## Sorting not based on comparison

Insertion sort, merge sort, quick sort, heap sort, etc., are all sorting algorithms **based on comparison** . This means that in the same process, no matter what types of comparison are int, float, double, Student, Animal, etc., as long as the ratio between the two instances is specified, then the sorting process can be reused.

**Data that is not based on comparison will be restricted by data conditions!**

Common sorts that are not based on comparison are: counting sorting, cardinal sorting.

## Count sort

### 1. Applicable scenarios

Now there is an array arr of type int, which stores the ages of all employees. Now we need to sort the ages of all employees.

It is known that the age of employees must be between [0, 200], so the data range can be considered as 0~200.

Apply for an int type array frequency with a length of 0~200 as the word frequency statistics table. The subscript of the array is regarded as the age of the employee, and each subscript corresponds to the value in the array as the number of employees of that age.

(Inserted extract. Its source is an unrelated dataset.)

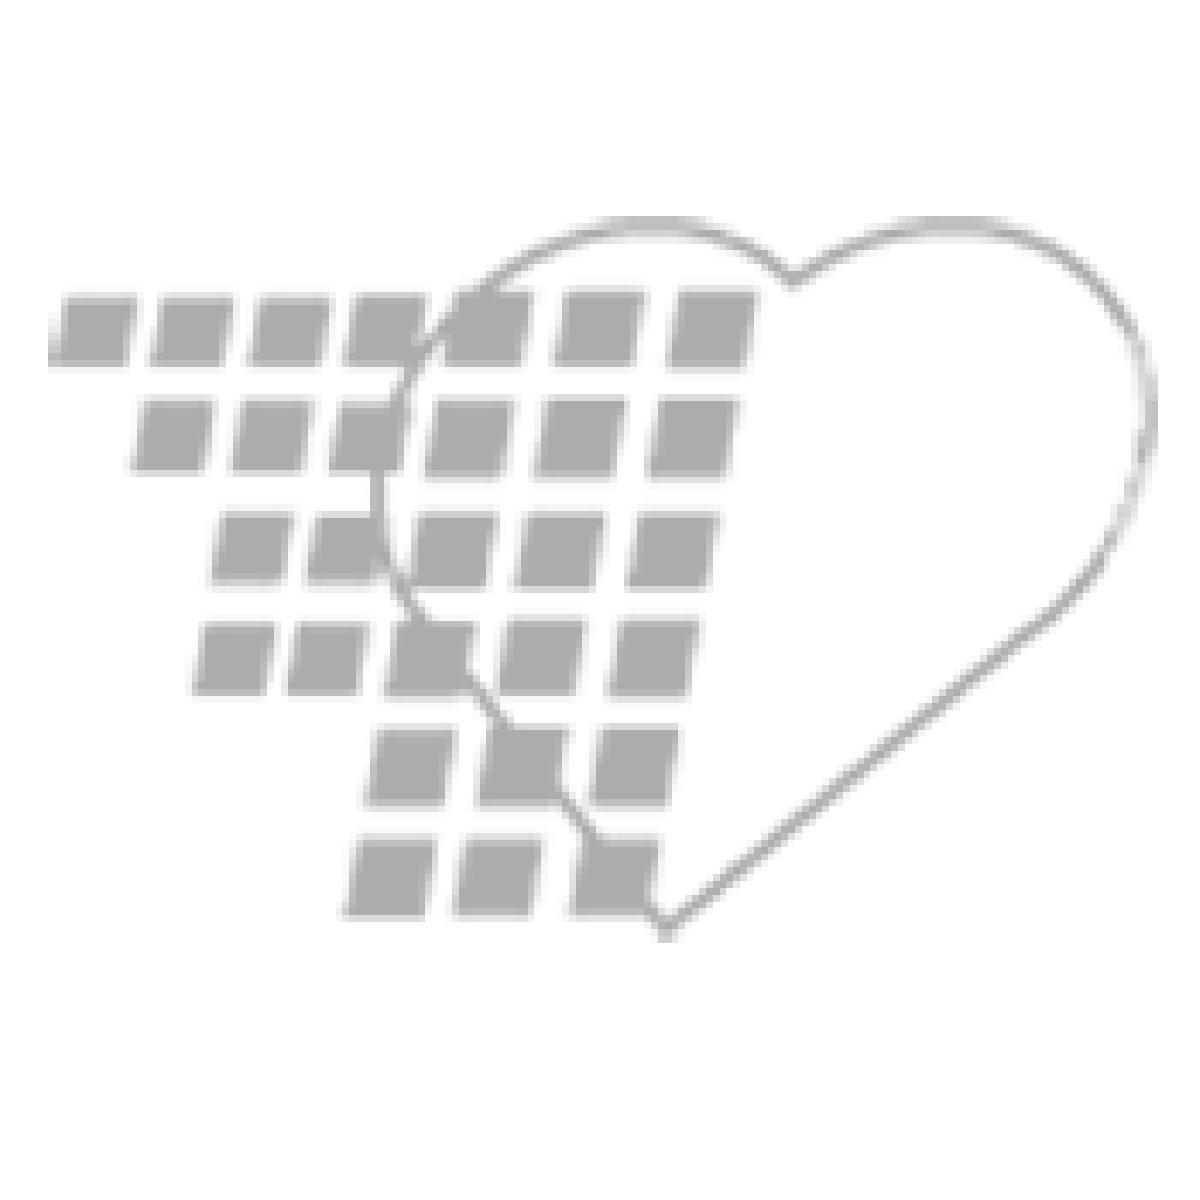 11-81-0117 Life/form® NG Tube & Trach Skills Simulator

For example: frequency[0] indicates the number of employees who are 0 years old, and frequency[1] indicates the number of employees who are 1 year old.

Traverse the array arr, when traversing to a 0-year-old employee, frequency[0] increments by 1. When traversing to a 1-year-old employee, frequency[1] increments by 1. When the traversal of arr ends, the word frequency statistics table frequency is constructed.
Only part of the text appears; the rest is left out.